Но не только дипломаты стали «жертвами» химической атаки. Среди опозорившихся было немало представителей зарубежной прессы. И, несмотря на специальные жилеты с броской надписью «press», надетые ими в надежде, что их никак не затронут внутрироссийские разборки, испытать на себе действие расслабляющего газа все же пришлось. Как и довольно бесцеремонное обращение с ними полиции при транспортировке в полицейские участки. Их стенания о неприкосновенности личности репортеров и свободе прессы никак не повлияли на действия суровых русских полицейских. С ними обращались ничуть не лучше чем с мятежниками – корректно, но без всякого почтения. Изъятую у них на месте событий аппаратуру обещали вернуть в целости и сохранности после выполнения формальностей, связанных со штрафами. А вот отснятые ими видеоматериалы подлежали изъятию, в качестве вещественных доказательств участия иностранных граждан в вооруженном мятеже. В процессе дознания репортерам было четко и откровенно заявлено о лишении их аккредитации в стране пребывания, вследствие грубого нарушения уголовного законодательства и режима чрезвычайного положения. В этом плане русские не собирались ни для кого не делать исключений, всех гребя под одну гребенку. И это обстоятельство в корне отличалось от всего того, что было раньше, когда в сторону иностранных корреспондентов боялись даже дышать. Русские хорошо усвоили методы обращения с прессой на примере событий, связанных с «желтыми жилетами».

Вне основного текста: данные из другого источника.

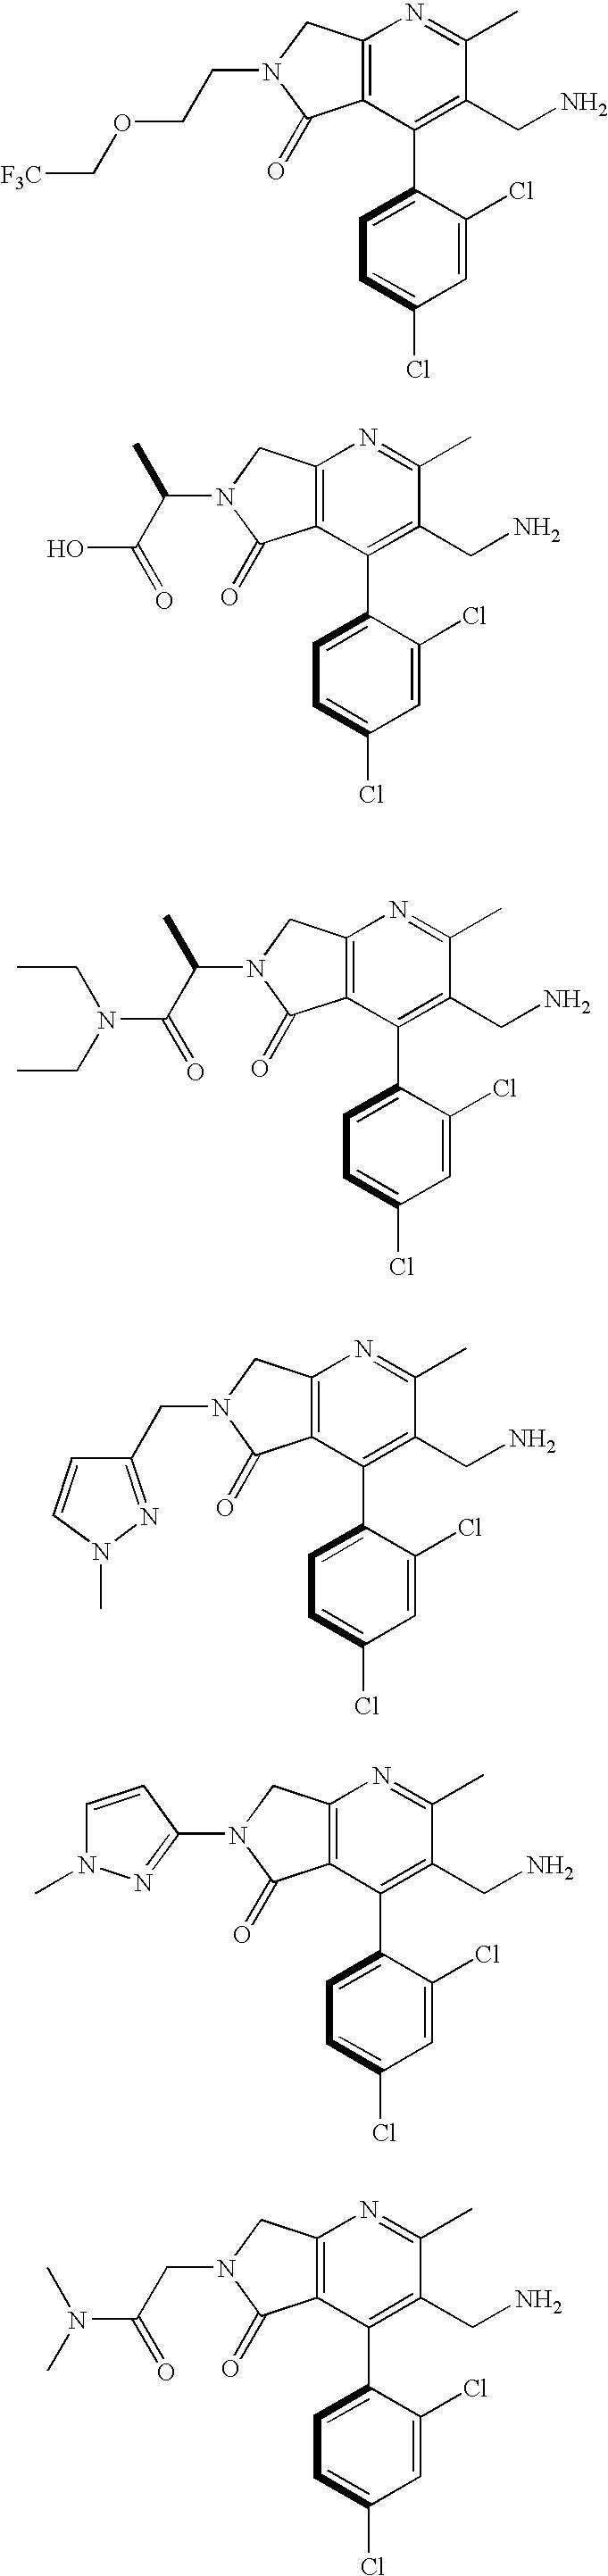 Figure US07521557-20090421-C00311
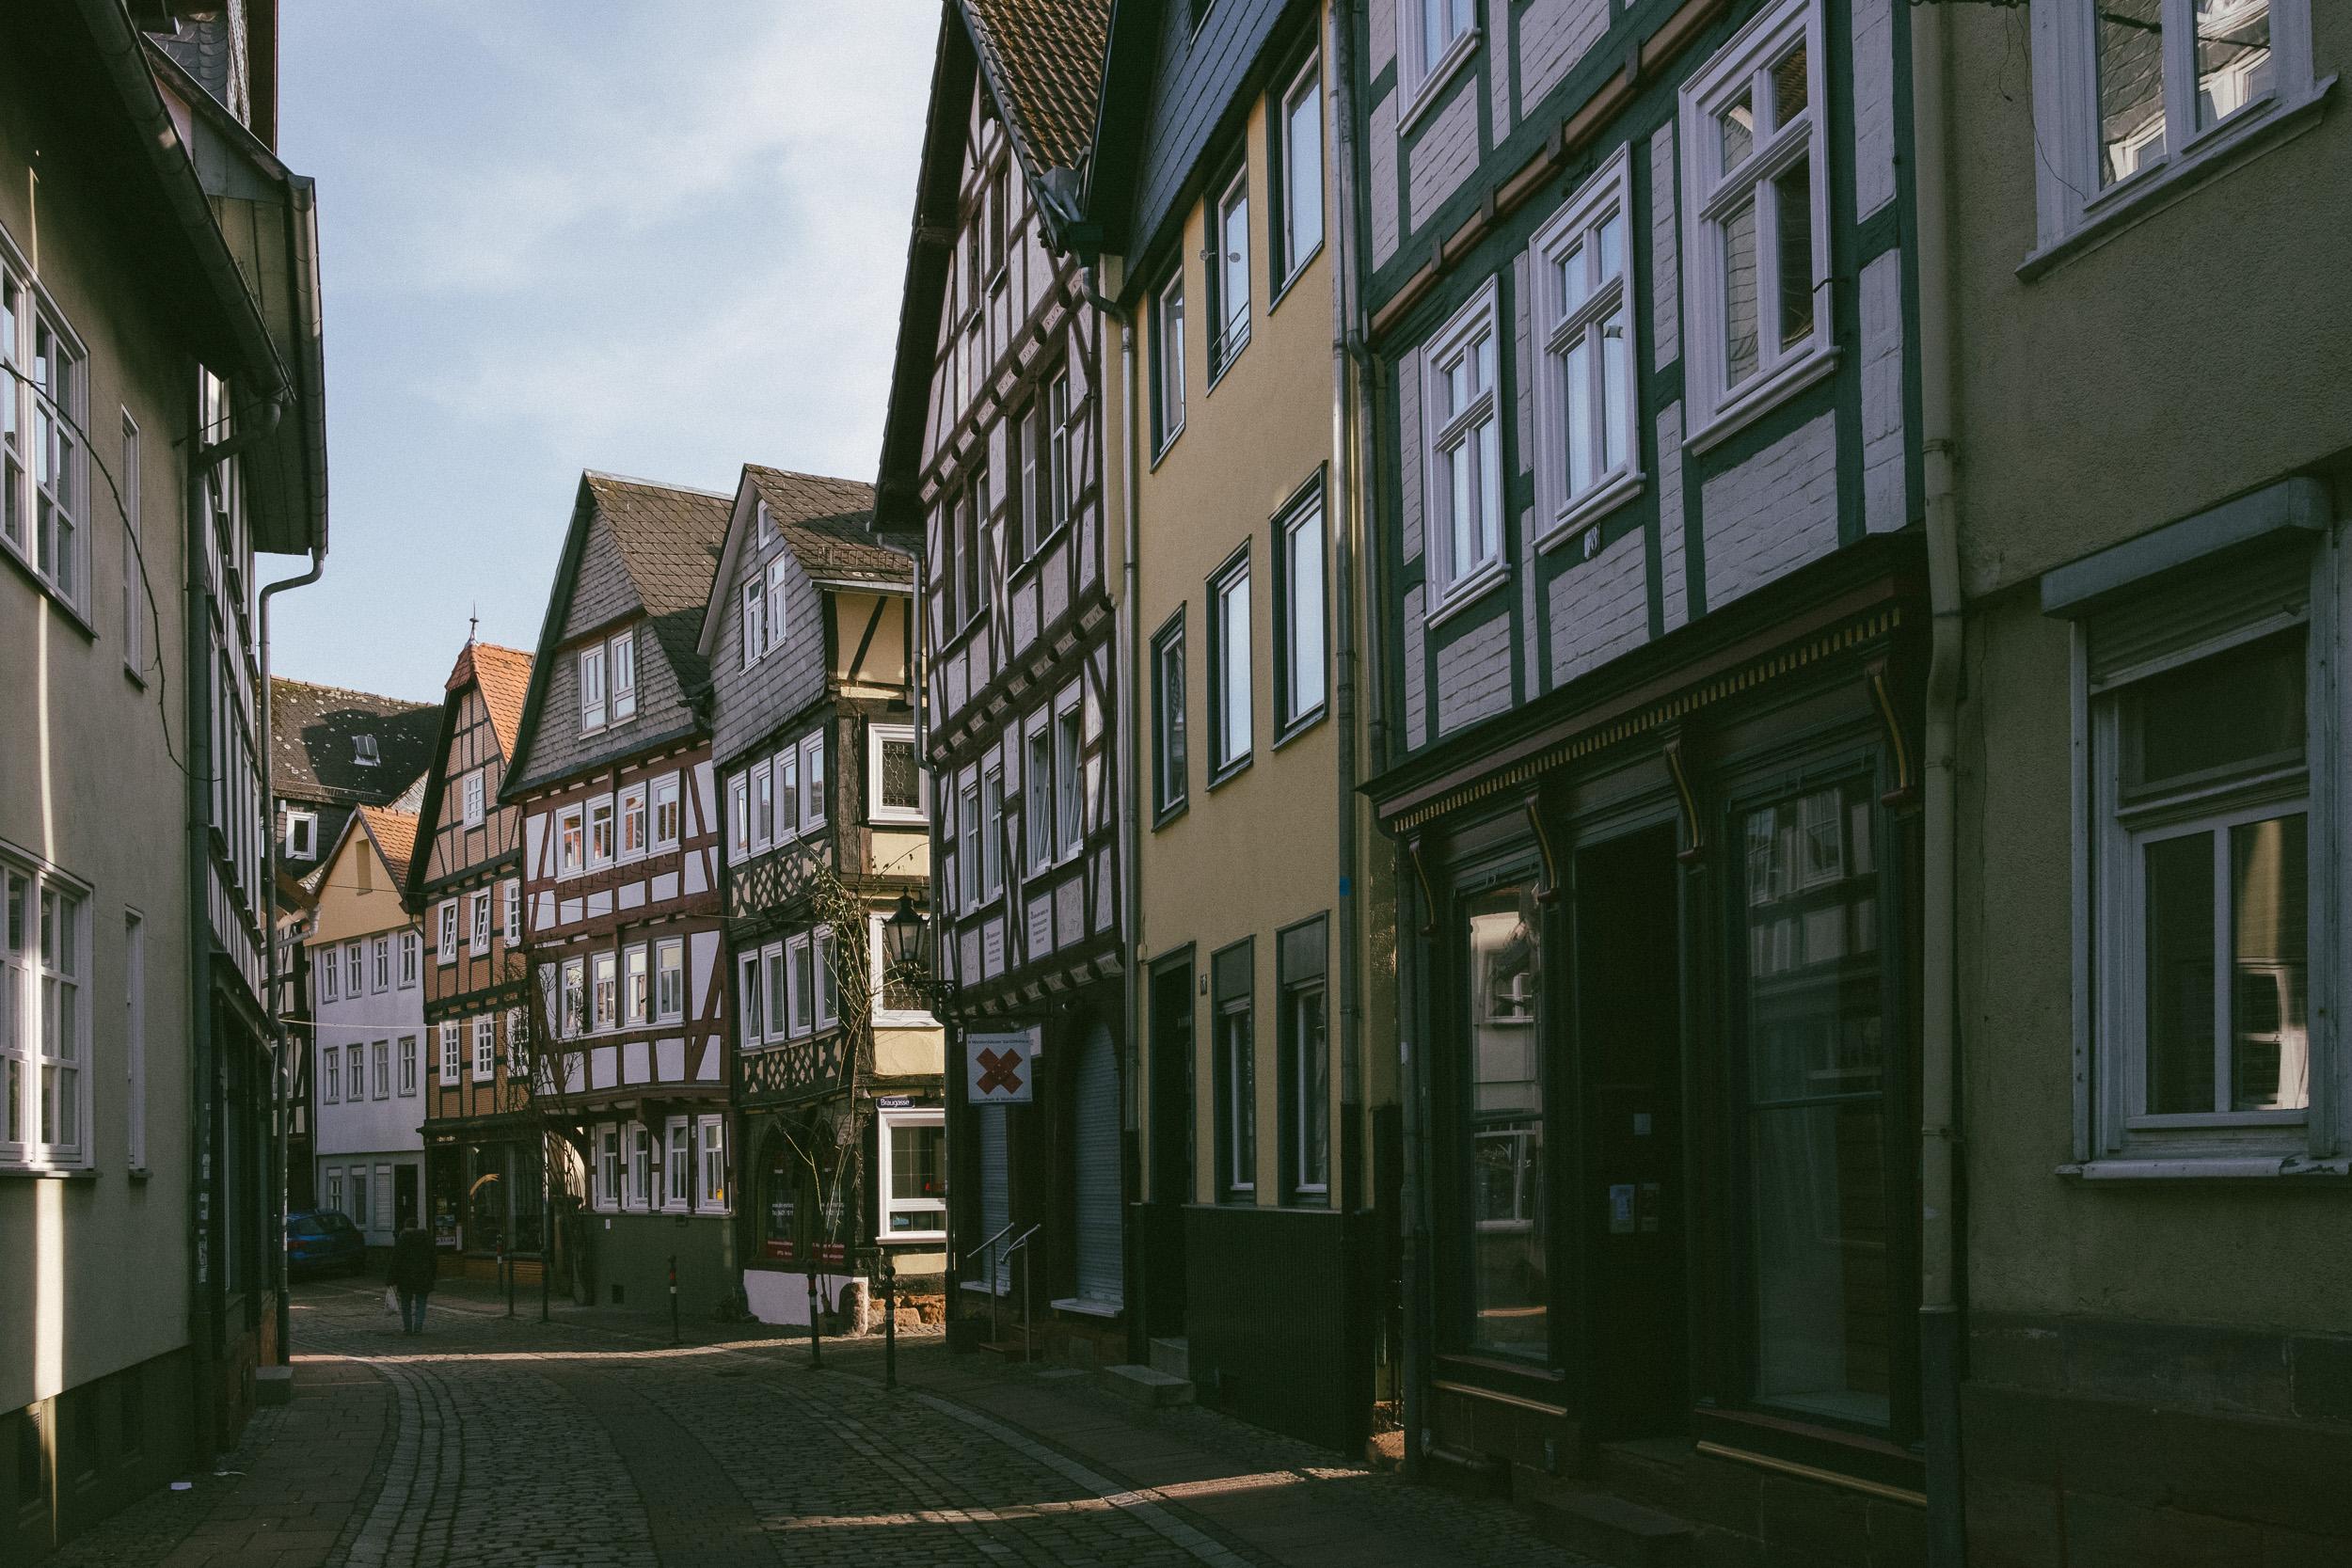 EH2025_Weidenhauser-Strasse-Marburg.jpg

Вот так и закончилась не начавшаяся толком очередная революция на постсоветском пространстве. Обе стороны из этих событий сделали соответствующие выводы. Ответ со стороны «прогрессивного» мирового сообщества должен был последовать в ближайшее время. Но, в принципе, он уже никак не мог повлиять на внутреннюю обстановку в стране, а без этого он терял всяческий смысл. И это понимали все. Новая Россия одержала свою первую маленькую победу в борьбе за свое существование.

Вечером, несмотря на выходной, собравшийся по этому поводу Президиум Высшего Военного Совета, чествовал «виновника» торжества – министра внутренних дел – Владимира Александровича Околокова.

III

1 июля 2020 г., г. Москва, Смоленская площадь, д.32/34, Министерство Иностранных Дел РФ.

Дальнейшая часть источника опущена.